On this Gehardest Voss is incredibly helpful in exposing the deist assumptions of the traducian perspective in his reformed dogmatics.
Now, the most prominent reformed traducian theologian, I know of is W.G.T. Shed, William Shed in the 19th century did mount a definitive argument for the traducian position. A substantial criticism of that though has been offered by Oliver Crisp, who is an analytic philosopher and he’s written an article, like Pulling Traducianism out of the shed or something like that and it’s a really clever but philosophically robust kind of dismantling of Sheds argument. And Crisp, i’s probably the world’s expert on shed among other things as well.
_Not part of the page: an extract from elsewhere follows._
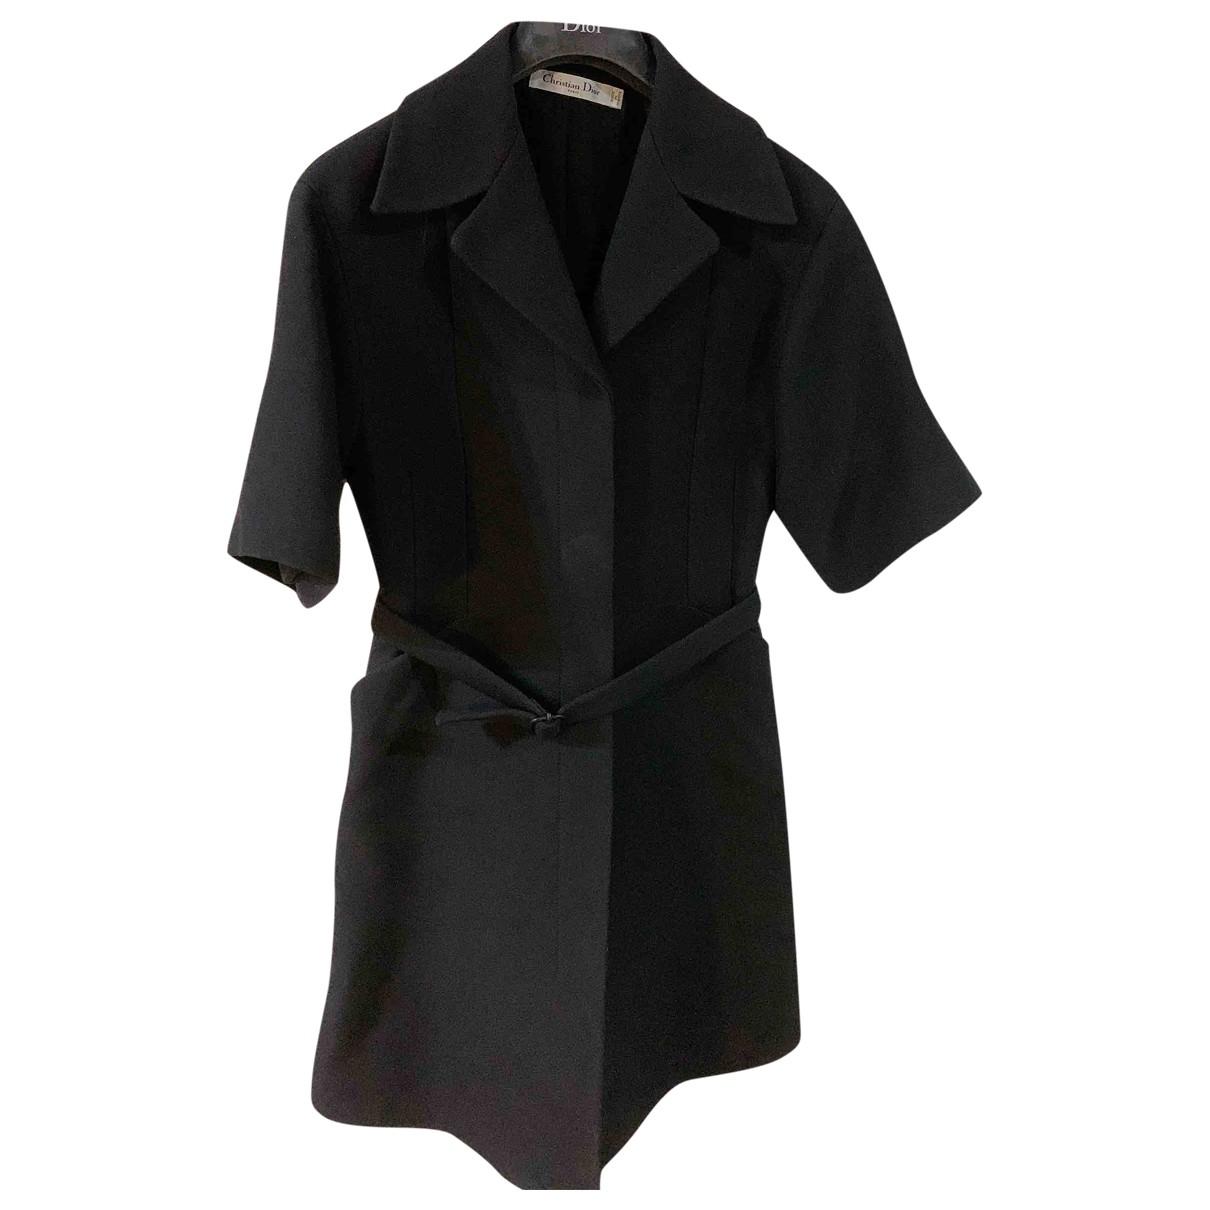 Dior \N Black Wool jacket for Women 34 FR

Now, I will say this, I don’t believe that this is a matter of firm kind of confessional Orthodoxy. I think my own position and I’ve pointed that out, I think the confession assumes a creationist position. I think it’s absolutely possible to be a traducianist and be a reformed Orthodox. Christian. I think that is absolutely possible. I do think it is a challenge to the creationist, how you answer the question of original sin and how that affects the soul? But both the traducian and the creationist have to get it through the federal headship of Christ of Adam. And so I want to absolutely affirm that original sin is explained in terms of federal headship, which we’ll get to after the midterm. But I recognize that the creationist position in some ways is still not entirely satisfactory when it comes to that question, but it’s the weakest part of the argument. I will grant that, but I think all in all I think scripture and the history of the church have certainly convinced me more of the first position. I will say though probably maybe five years ago or so, I leaned towards the traducianism argument. I thought Shed was right, but I have shifted my position and Oliver Crisp was helpful as well as paying more attention Turritan’s argument was really helpful. But, I think both of them are within the pale of reformed Orthodoxy. It does illustrate how there is diversity still within confessional reformed theology. And this is one of those areas there.